Кстати, именно по нему и по сопровождавшим его казакам были сделаны первые выстрелы той давней Крымской войны. Во главе группы разведчиков, на виду у противника и вблизи от него, Стеценко наблюдал за высадкой вражеского десанта недалеко от Евпатории. И хладнокровно рассылал с казаками донесения начальству в Евпаторию и Севастополь.
Главнокомандующий Меншиков сделал опытного офицера своим адъютантом, и в этой должности Стеценко оставался до отставки князя, а потом перешел на бастионы.
В своих воспоминаниях Стеценко замечает, что большая часть первой дистанции была наименее опасным участком в обороне города. Видимо, это в самом деле так. Только безопасность здесь была очень относительная.
Осколки, ядра и штуцерные пули косили матросов, солдат и офицеров ежедневно. У Стеценко есть такие строчки: «За мое трехмесячное пребывание на бастионах многие командиры были убиты или ранены, некоторые выбыли по болезни, некоторые, возвратясь на свои места с худо зажившими ранами, почти все переконтужены или оглушены, и, сколько я помню, только один Белкин на своем опасном месте с начала до конца осады вышел невредим».
Разумеется, и сам Стеценко каждый день был на волосок от смерти, но об этом не вспоминает.

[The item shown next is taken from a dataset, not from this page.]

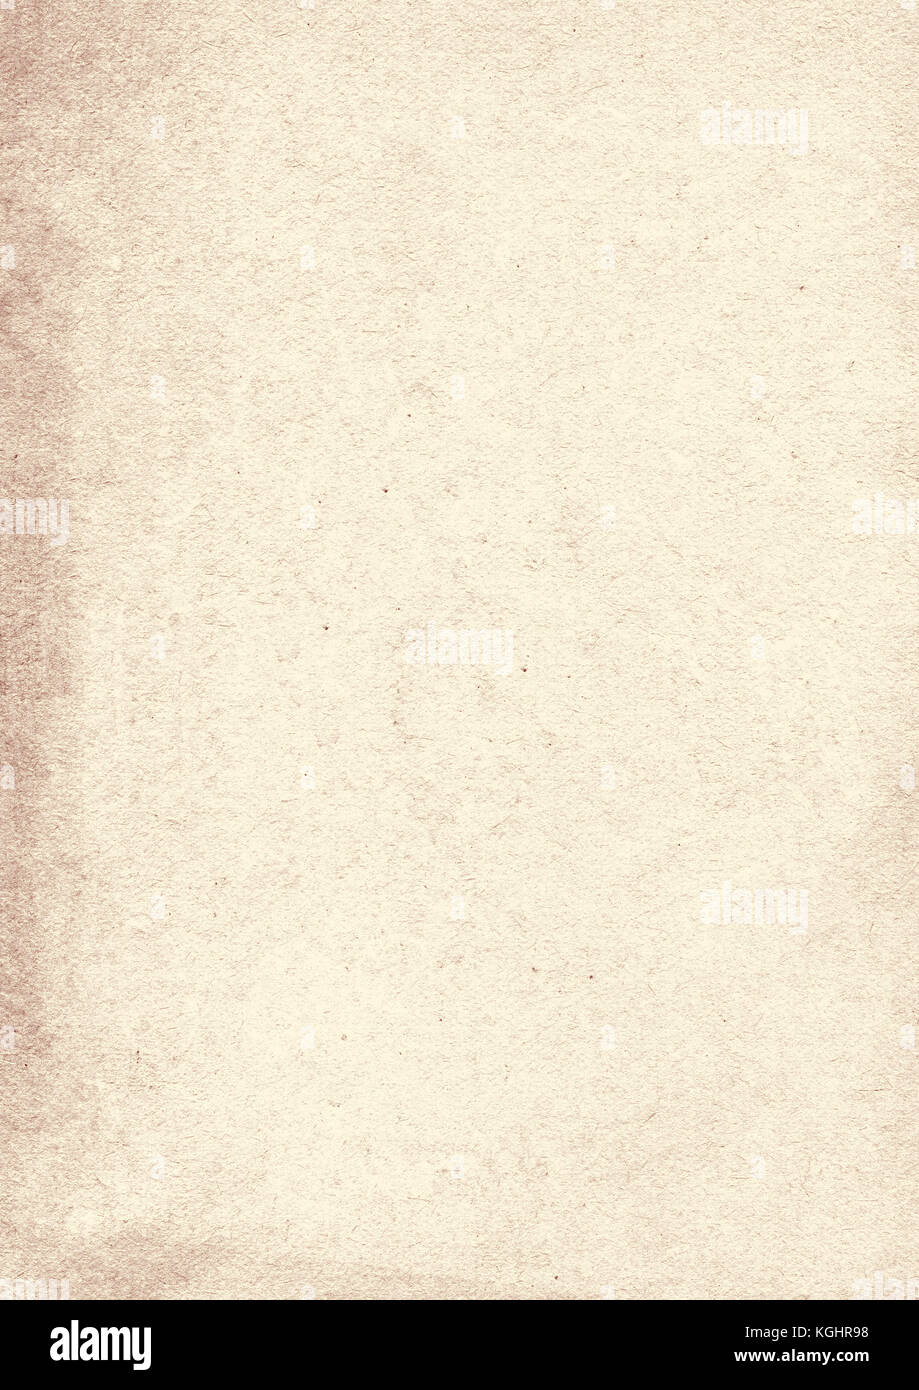 The blank vertical beige grunge old classic texture paper sheet background Stock Photo

Однажды на Ростиславском редуте рядом с ним свистнуло ядро, подбило ближнее орудие и ранило комендора. Стеценко описывает этот случай лишь для того, Чтобы лишний раз показать спокойную храбрость и умение черноморских матросов: «Ходивший постоянно за мной ординарец бросился немедленно распоряжаться за комендора, и вместо подбитого новое орудие было поставлено и открыло огонь также быстро, как на самом взыскательном смотре; подобных примеров было множество».

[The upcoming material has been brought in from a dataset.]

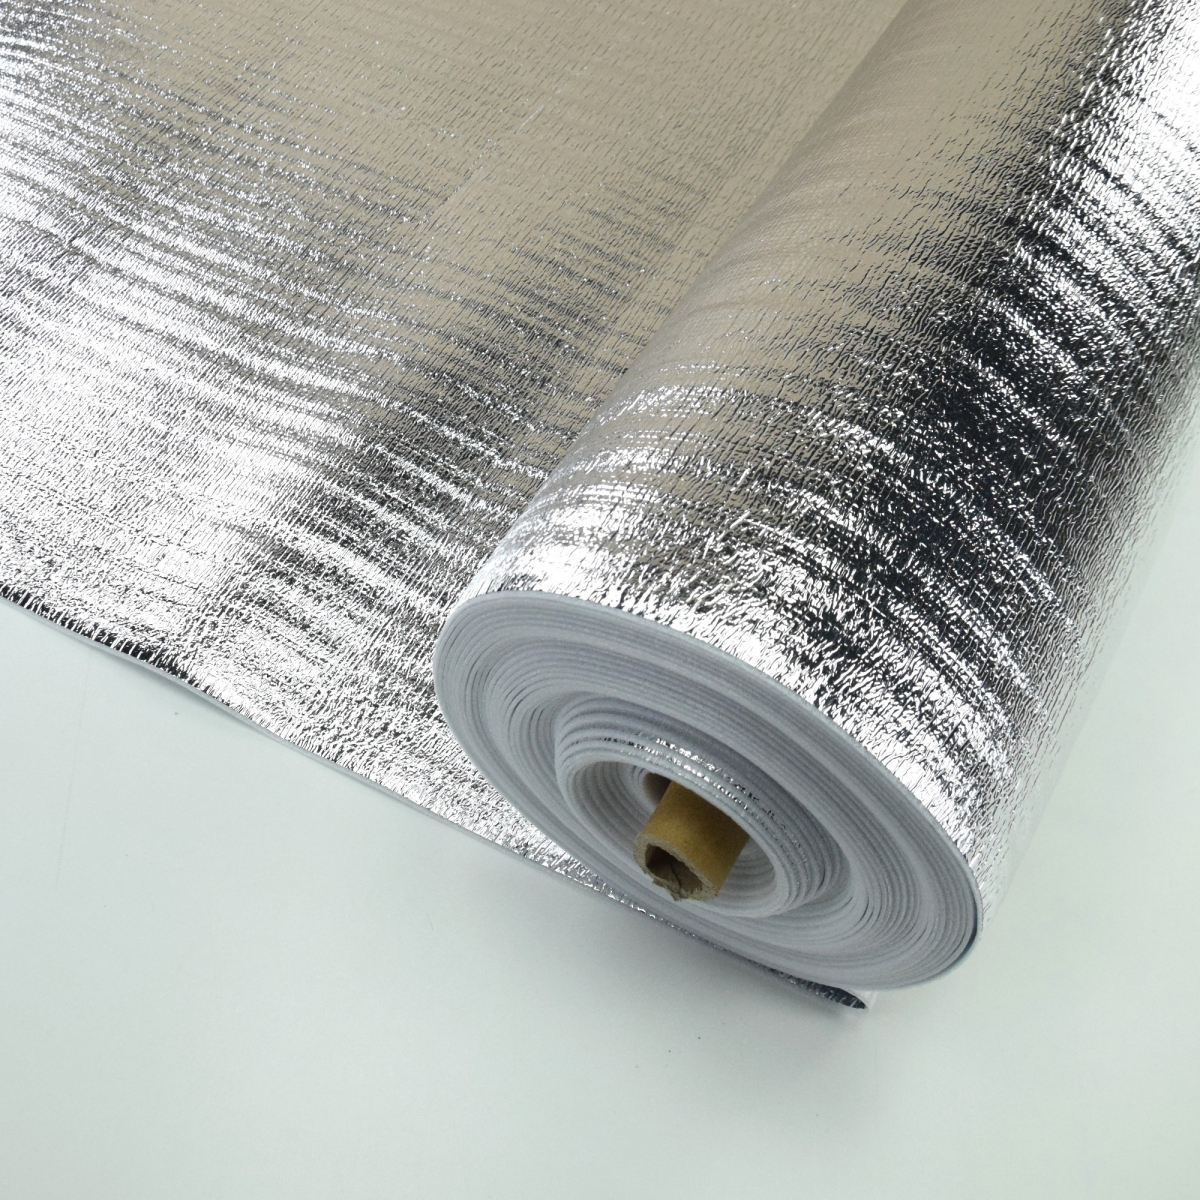 Thermal insulating material, silver

Стеценко отличался смелостью не только под огнем врага, но и в отношениях с начальством. Не так-то легко было спорить с генералами, но он решился на это, когда командование разработало план устроить передовые укрепления на кладбищенской высоте, впереди Шестого бастиона. Он доказывал, что удержать слабо укрепленные позиции, которые выдвинуты далеко вперед и оторваны от основной линии, не удастся. Доводы капитан-лейтенанта не убедили старших командиров. Четыре тысячи наших солдат полегли во время безуспешных попыток закрепиться на старом севастопольском кладбище. Уцелевшие вернулись на батареи первой дистанции, на Шестой бастион.
Траншеи англичан и французов неумолимо приближались к нашим позициям. Люди гибли и гибли. Орудия выходили из строя. А те, что оставались, требовали пороха и снарядов. Особенно прожорливы были глотки тяжелых бомбических пушек. Стеценко писал, что для батареи его дистанции тяжелые 68-фунтовые снаряды совсем перестали отпускать. Вместо них приходилось использовать пудовые гранаты, а под них подкладывать деревянные поддоны нужного калибра…

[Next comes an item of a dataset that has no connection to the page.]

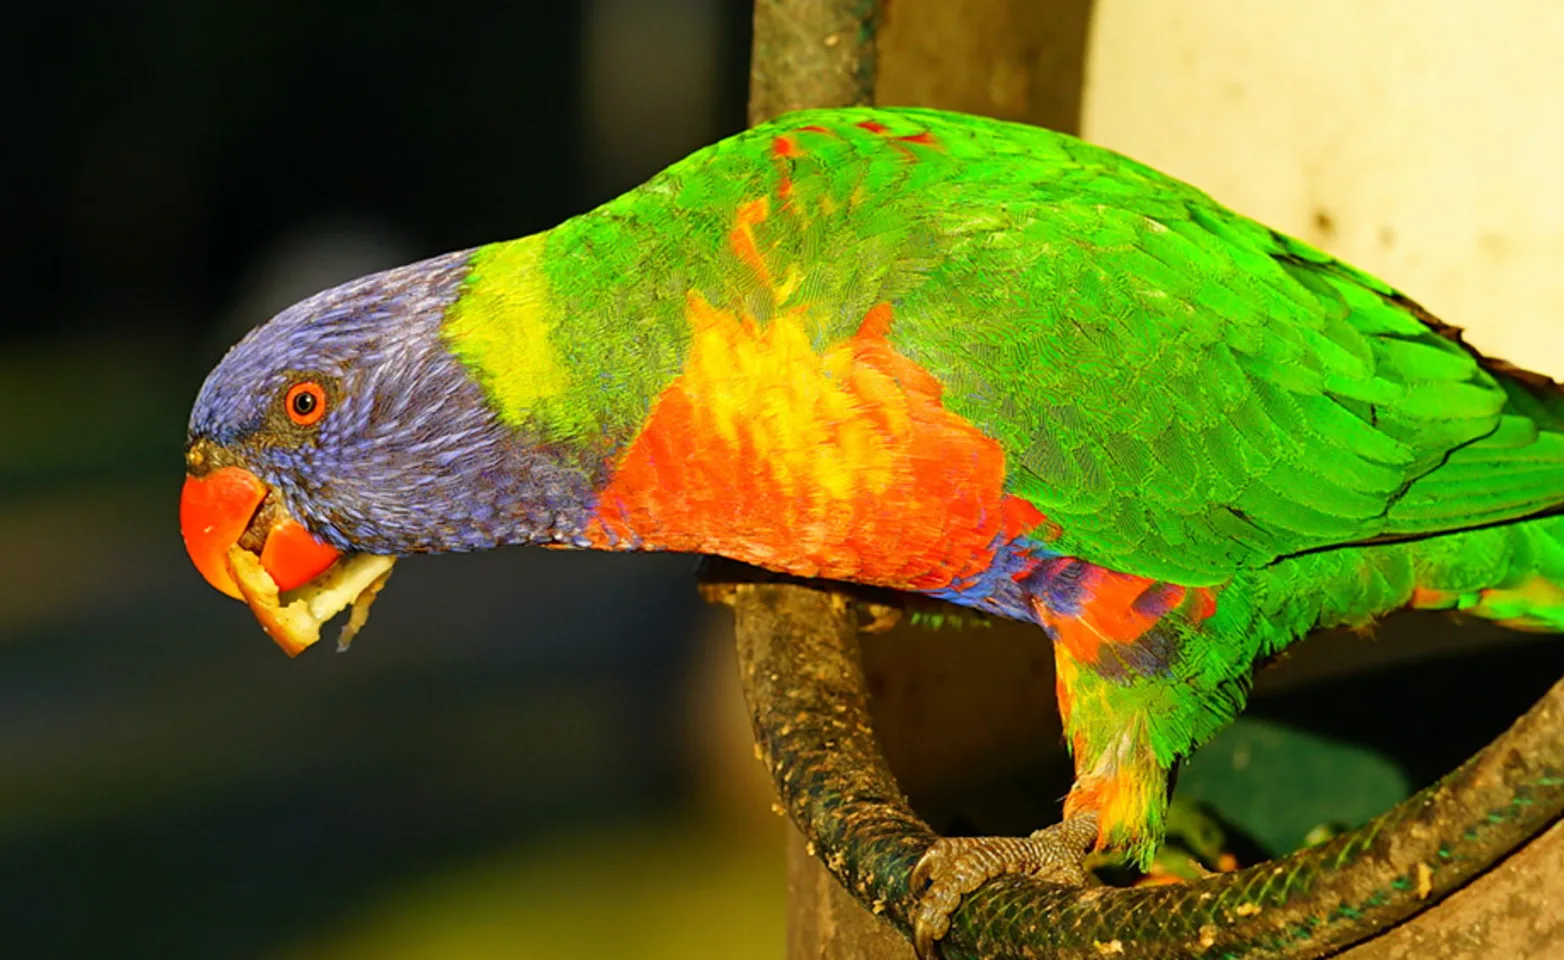 A colorful parrot standing and eating a seed

Алька слушает с интересом. Иногда переспрашивает. Требует разъяснения:
– Что такое поддоны?
– Это деревянные пыжи. Сперва в пушку "клали пороховой заряд, на него такой пыж – по калибру ствола, а потом уж ядро или бомбу. Пудовые гранаты из больших пушек без этого и не полетели бы: они же были почти вдвое меньше, чем полагалось для таких орудий…
– Все равно большие… Целый пуд… И как их бросали, такие тяжеленные?
– Это же не ручные гранаты. Так назывались разрывные снаряды…
– А у меня ручная есть. Только не старинная, а лимонка.
Я задерживаю шаг.
– Да пустая, – снисходительно говорит Алька. – Одна оболочка. Знаете, такая вся из квадратиков…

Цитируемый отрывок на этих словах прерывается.